### Task description
Of the entries below, return only those lines from the line with "Alleyway misterioso en" to the line with "TJW boxy tommy", exactly, both included.

### Exercise inputs
——
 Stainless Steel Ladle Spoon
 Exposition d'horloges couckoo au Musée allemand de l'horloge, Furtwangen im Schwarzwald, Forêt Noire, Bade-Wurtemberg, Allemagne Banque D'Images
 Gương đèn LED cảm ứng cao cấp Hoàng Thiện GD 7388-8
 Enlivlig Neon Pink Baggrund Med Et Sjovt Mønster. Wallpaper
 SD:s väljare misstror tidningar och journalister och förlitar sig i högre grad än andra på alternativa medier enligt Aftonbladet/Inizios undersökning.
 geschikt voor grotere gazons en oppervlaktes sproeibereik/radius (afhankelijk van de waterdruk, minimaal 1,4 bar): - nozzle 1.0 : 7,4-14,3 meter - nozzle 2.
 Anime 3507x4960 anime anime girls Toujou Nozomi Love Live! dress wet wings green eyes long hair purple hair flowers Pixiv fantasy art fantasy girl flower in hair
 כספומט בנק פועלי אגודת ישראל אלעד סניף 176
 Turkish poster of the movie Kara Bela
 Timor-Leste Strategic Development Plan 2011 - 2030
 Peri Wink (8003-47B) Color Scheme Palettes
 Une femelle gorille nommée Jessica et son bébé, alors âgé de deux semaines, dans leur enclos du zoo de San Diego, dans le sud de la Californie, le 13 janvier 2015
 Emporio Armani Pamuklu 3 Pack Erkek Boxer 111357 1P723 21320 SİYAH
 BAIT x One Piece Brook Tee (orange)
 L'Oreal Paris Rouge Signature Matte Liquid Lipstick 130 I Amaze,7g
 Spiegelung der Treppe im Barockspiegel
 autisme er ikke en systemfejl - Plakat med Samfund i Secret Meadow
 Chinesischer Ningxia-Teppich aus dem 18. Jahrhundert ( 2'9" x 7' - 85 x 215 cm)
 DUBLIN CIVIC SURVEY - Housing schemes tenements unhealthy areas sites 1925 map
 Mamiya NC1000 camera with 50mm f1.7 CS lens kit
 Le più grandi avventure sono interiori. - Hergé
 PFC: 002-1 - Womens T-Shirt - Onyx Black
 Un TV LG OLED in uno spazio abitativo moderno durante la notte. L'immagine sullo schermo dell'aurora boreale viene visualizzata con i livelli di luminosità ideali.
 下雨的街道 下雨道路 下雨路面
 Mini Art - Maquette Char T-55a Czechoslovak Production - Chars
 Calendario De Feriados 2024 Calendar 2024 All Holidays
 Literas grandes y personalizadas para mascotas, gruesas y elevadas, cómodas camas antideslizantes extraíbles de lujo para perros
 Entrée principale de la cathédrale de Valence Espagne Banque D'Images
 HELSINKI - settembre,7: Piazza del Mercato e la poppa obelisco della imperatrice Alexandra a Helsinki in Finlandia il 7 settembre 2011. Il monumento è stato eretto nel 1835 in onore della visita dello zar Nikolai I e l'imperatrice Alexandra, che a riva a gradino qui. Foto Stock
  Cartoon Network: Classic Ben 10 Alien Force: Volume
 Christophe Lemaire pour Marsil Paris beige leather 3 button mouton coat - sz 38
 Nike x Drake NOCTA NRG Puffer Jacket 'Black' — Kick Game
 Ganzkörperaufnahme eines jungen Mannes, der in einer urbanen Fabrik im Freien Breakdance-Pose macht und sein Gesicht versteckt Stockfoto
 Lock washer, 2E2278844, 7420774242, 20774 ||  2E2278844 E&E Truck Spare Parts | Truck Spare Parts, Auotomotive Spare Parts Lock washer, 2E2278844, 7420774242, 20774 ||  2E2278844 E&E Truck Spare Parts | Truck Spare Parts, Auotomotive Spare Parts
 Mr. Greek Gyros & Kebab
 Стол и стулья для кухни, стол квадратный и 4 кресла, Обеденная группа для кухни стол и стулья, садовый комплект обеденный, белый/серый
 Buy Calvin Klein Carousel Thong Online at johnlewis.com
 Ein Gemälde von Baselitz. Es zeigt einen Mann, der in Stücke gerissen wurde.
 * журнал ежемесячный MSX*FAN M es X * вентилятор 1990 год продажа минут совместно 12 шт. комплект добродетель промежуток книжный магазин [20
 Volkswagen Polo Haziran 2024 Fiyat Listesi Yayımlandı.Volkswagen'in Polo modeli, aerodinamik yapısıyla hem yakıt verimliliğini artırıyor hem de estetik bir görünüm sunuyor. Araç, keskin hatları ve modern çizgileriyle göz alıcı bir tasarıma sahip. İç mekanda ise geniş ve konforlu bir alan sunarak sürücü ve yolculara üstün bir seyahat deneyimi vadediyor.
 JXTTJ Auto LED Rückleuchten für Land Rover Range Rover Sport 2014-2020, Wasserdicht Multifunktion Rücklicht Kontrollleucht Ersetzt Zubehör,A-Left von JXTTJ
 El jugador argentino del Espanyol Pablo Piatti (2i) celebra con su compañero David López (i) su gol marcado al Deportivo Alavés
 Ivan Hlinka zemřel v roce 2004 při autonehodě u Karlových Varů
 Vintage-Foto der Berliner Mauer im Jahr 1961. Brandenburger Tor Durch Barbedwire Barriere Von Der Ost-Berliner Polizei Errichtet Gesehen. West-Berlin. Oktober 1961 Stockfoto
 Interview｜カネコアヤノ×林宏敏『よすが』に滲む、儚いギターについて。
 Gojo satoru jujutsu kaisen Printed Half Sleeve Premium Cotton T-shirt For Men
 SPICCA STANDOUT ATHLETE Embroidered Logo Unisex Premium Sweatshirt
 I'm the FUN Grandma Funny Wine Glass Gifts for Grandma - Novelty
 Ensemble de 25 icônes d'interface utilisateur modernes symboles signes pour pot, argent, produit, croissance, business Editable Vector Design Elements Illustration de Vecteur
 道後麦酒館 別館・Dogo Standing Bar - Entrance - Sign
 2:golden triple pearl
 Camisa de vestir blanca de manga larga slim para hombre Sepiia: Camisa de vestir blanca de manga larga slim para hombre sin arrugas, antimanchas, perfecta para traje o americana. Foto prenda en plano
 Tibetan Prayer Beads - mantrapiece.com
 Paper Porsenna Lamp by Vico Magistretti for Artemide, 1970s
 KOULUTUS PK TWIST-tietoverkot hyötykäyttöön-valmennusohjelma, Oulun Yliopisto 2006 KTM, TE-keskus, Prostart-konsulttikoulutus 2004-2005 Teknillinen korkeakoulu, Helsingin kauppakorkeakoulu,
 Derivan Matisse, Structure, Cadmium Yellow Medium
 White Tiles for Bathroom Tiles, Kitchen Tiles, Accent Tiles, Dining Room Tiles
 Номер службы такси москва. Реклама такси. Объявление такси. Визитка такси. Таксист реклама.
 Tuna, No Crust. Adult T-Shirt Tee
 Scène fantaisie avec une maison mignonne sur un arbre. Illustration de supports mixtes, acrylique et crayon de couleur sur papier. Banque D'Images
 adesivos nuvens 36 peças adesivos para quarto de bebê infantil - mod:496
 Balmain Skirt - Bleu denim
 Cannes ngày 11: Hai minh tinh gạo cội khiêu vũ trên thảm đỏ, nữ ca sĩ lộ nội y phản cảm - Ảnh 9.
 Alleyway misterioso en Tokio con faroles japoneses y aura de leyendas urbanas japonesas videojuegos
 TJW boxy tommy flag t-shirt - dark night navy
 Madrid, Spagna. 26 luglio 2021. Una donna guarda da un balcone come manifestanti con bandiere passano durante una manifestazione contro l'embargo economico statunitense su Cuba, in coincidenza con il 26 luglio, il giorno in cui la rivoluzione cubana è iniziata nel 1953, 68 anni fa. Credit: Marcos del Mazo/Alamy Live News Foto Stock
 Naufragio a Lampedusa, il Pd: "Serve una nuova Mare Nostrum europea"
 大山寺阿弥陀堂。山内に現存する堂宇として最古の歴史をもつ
——
### Answer space
 Alleyway misterioso en Tokio con faroles japoneses y aura de leyendas urbanas japonesas videojuegos
 TJW boxy tommy flag t-shirt - dark night navy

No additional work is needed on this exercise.